No, but a young woman in a nascent Islamic state certainly has a point of view.
What do you suppose the reader is supposed to make of the almost “cocksucking?” Did you get the sense that it was intended to have prurient appeal? Or were we meant to feel that the protagonist was imperilled in some way?
What conditions led her to blithely take her cousin’s penis in her hand? What information does this vignette convey about her environment? Do you think the author believes that complete naivete about sexual matters serves a twelve-year-old-girl well?
I wouldn’t try to control that mother’s parenting choices (as long as they weren’t abusive) any more than she should try to dictate anyone else’s.
And anyway, what if the daughter wanted to read something different? There should always be another reading choice for classroom assignments.

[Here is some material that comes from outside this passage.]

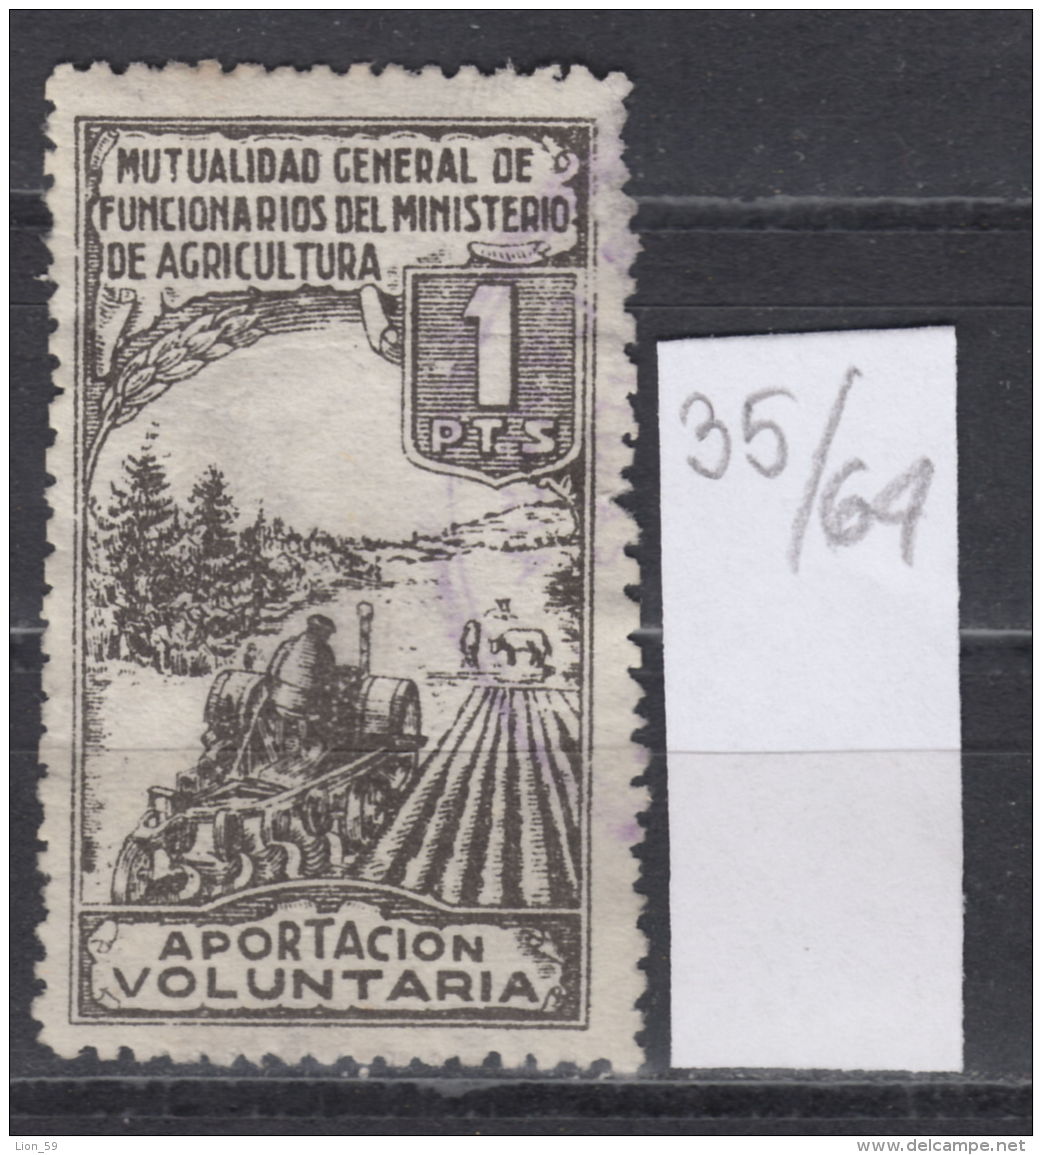 35K64 / 1 Pts. Aportacion Voluntaria - MUTUALIDAD GENERAL DE FUNCIONARIOS DEL MINISTERIO DE AGRICULTURA SPAIN Revenue - Postage-Revenue Stamps

What if the daughter wanted to continue reading the assigned work but momm
y didn’t want her to?
No there should not, if the reading is going to be further discussed in class. The entire class needs to be on the same page (pun intended). If the purpose is just to write a report at the end, I can see offering alternative choices.
Not if the class is reading and discussing a book together, as happens in most high school english classes.
And where did the idea that classroom assignments should be voluntary come from? What if the daughter doesn’t want to do a given algebra assignment, or chemistry lab, or read a given history book? Students don’t get to pick and choose what they learn.
Yeah, I’m really not getting that. Part of what literature is, at least to me, is a mirror that is held up to the world. It is a way for us to see our society better. The fact that a group of people are up in arms enough that they don’t want anyone else to look is very interesting and, as far as I am concerned, is an indication that those particular books have the potential to be more interesting and important than others simply because of the dialog and backlash that they have caused with society.
And tapdancing around my question is what we here at the Dope call “avoidance.” So how about you answer, huh? Why is it appropriate for a 6th grade history teacher to use Diary of Anne Frank as a tool for 12 year olds to gain perspective on what it was like to be Jewish in Germany during the reign of Adolph Hitler, but inappropriate for a senior high school lit teacher to choose a book which, in their opinion, illustrates the religious mores and interpersonal relationships in India? Bearing in mind that when it comes to Lit teachers, opinions count for a great deal of what ends up on the syllabus.
Really? Ever open a locked thread just on the basis that it was locked? How come? Reading a book on the sole basis that it’s been banned is no worse a reason than solely reading books because someone says it’s a classic. Reading a banned book tells whoever it is trying to ban it that they are not allowed to make your choices for you. That you are not going to be led by their views of what is and what is not acceptable reading material. In short; that you can think for yourself. They hate that.
Certainly.
I suggest we stick with Dick & Jane (all 8 pages) as an alternative choice all throughout primary and secondary education.
Of course, we’ll have to change the name to make it less offensive, but what are you gonna do? Nothing’s perfect.
Of course, any book that mentions religion must have an alternative that doesn’t. And, well, I just don’t like them negroes, so anything that has anything other than lily-white folks just won’t do. And you can’t mention the USA because it’ll piss off foreigners since so many of them hate the USA, and besides, mentioning the USA could offend some southern folks…you don’t want to remind them that they lost the War of Northern Aggression.
I guess the only solution is to read nothing at all.
-Joe
Are you sure that isn’t testimony from the Clinton impeachment?
How on earth is a student supposed to take part in class discussions if they don’t read the same book? You seem to have a fundemental lack of understanding about how a high school eEnglish class works.
If a parent is that insistent on choosing the reading material for her child, perhaps she should look into home schooling.